Lura Irvine had a bad feeling about a group of 10 young adults on the Red Line train she was riding earlier this week.
As she headed downtown Monday to pay for her daughter’s next semester at Harold Washington College, a woman sitting next to her said she had seen the group before.
“The lady said they ride from 95th all the way to downtown, picking on people and robbing people,” Irvine said. “I said I was glad they weren’t on my car.”
On the ride back, Irvine was attacked by the group, along with her daughter and godson. Her daughter Kenya suffered a fractured nose, her godson a black eye and deep cut to his hand.
Her daughter is now too scared to ride the CTA and wonders how she will commute to school and finish her last semester. And Irvine is frustrated that police haven’t arrested anyone in the group that seems to act with impunity on a transit system plagued with crime.

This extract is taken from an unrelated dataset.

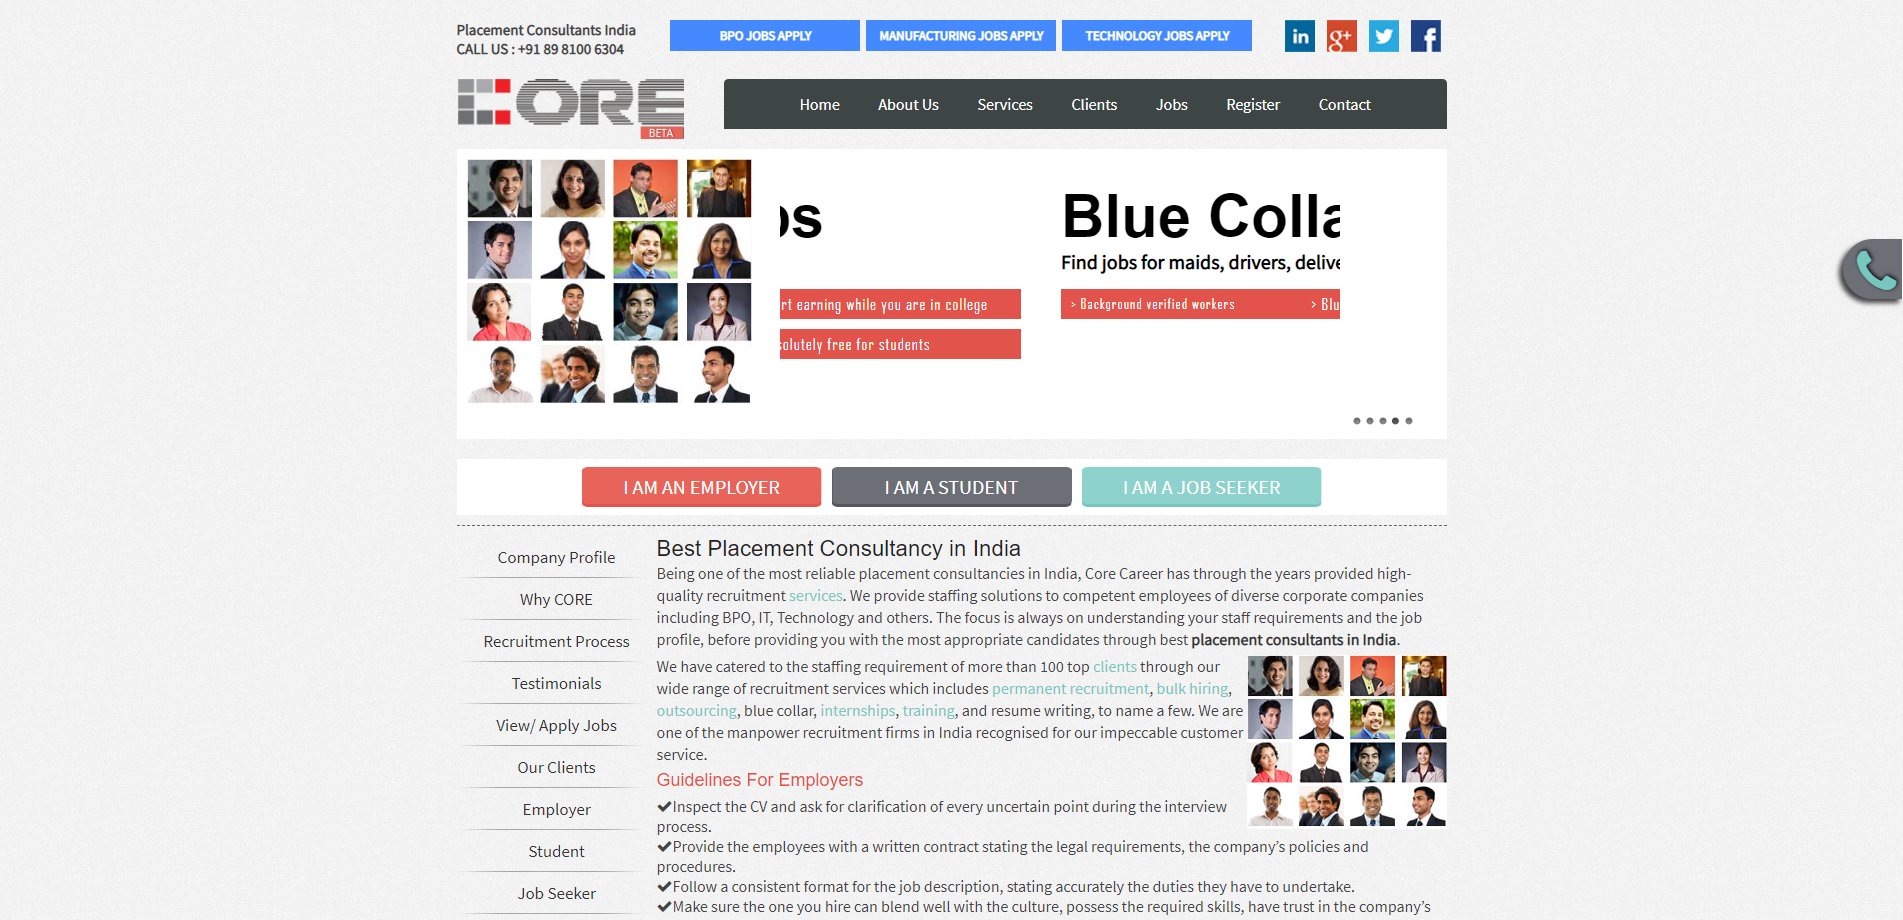 Careersatcore.com
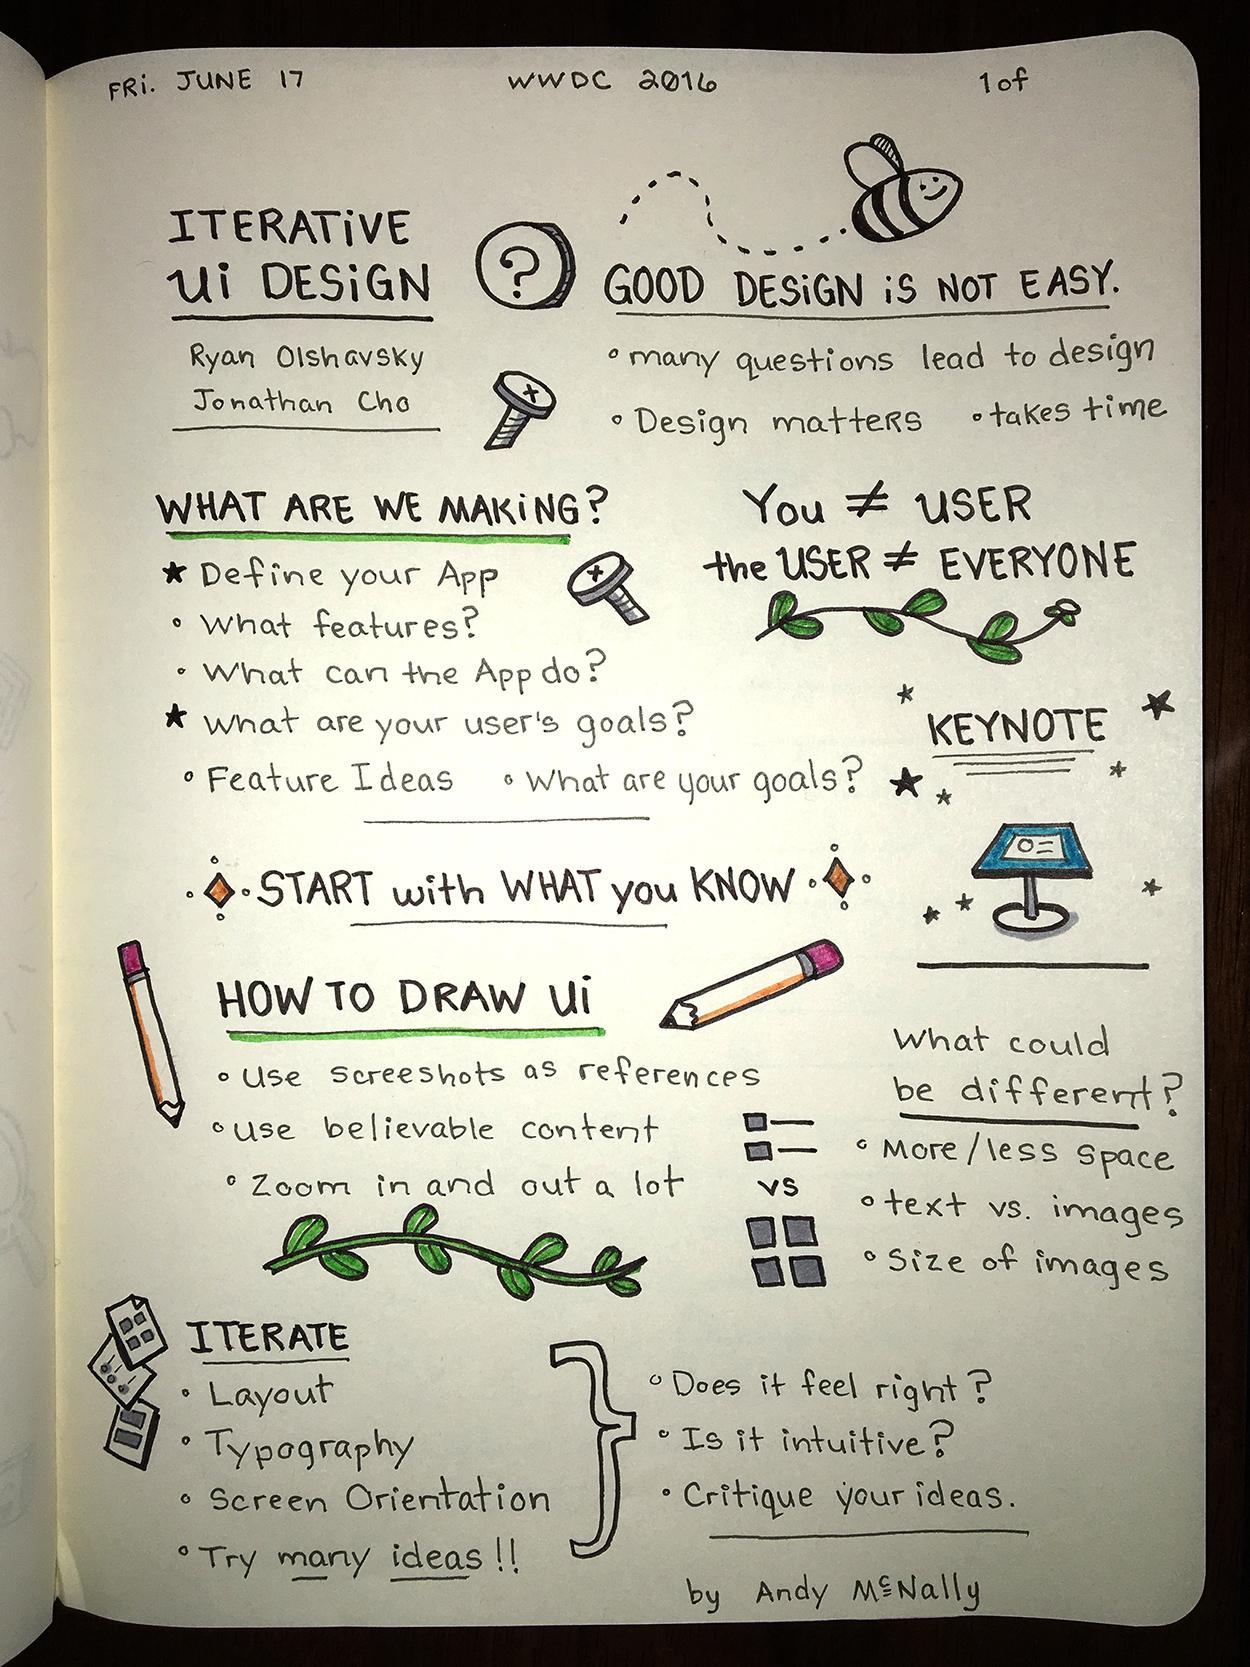 WWDC sketchnotes - Iterative UI Design

Before the attack, Irvine had been relieved to see the group get off the train one stop before her downtown. But she saw them again on her return trip to Roseland. At the 95th Street station, Irvine was playing a game on her phone, waiting for a bus with her daughter and godson when her daughter tapped her shoulder.
“She says, ‘Momma, look,’ and I noticed they were fighting my godson,” Irvine said.
Police said the group of 10 people began beating the teen. As Irvine and her daughter intervened, people in the group began to fight them too, police said.
“We’re like pretty much playing tug-of-war back and forth” with my purse, Irvine said.
She managed to call 911 during the struggle. Then she noticed blood on her daughter’s face.
“My daughter’s face was so bloody, I immediately dropped everything and went over to her,” she said.
She placed herself between her daughter and the attackers and pleaded, “Wait, wait, what’s wrong? If there’s anything we did to you guys, don’t harm us.
“I hear so much about people getting hurt and shot, in that moment I thought my life was gone,” she said.
Police eventually arrived, and the group ran off. The ordeal replayed in Irvine’s mind that night. She thought about the CTA employee who apologized for not intervening. The employee said she was scared for her own life.
“Maybe CTA needs to find someone more capable of doing their job. You could at least call the police,” Irvine said.
A CTA spokesman said that a transit agency employee had called police, who responded within minutes. CTA training directs its employees to call police for any attack and not to intervene directly, the spokesman said.
The CTA said it was doing all it could with Chicago police to arrest the attackers, including providing surveillance video of the crime.
Irvine said the attack left her feeling helpless.
“As a parent, you want to protect your kid at all costs, but in that situation, it felt like I didn’t have the power,” she said.
Irvine’s daughter now wonders how she’ll finish her last semester at City Colleges of Chicago. She’s considering taking a Metra train downtown instead of the CTA.
“I was just going downtown to be a college student, and I was assaulted and robbed,” said Kenya Merrills. “We can’t be our first responders. We can’t take weapons to defend ourselves on the CTA.”
Irvine said she wonders why police and the CTA haven’t taken action and arrested anyone in the group that seemed to be causing so much trouble.
The day after the attack, as she met reporters at the 95th Street Red Line station to describe what happened, she said she witnessed another assault, possibly by the same group of people.
In that attack, two people used pepper spray to try to rob a woman walking across the street, police said.
“I don’t feel safe in my community, and that sucks,” Merrills said. “I don’t understand, especially since the mayor said they’d be putting more security on the Red Line.
“I saw no security. It really sucks that you can’t protect yourself, and the people you’re relying on can’t protect you,” she said.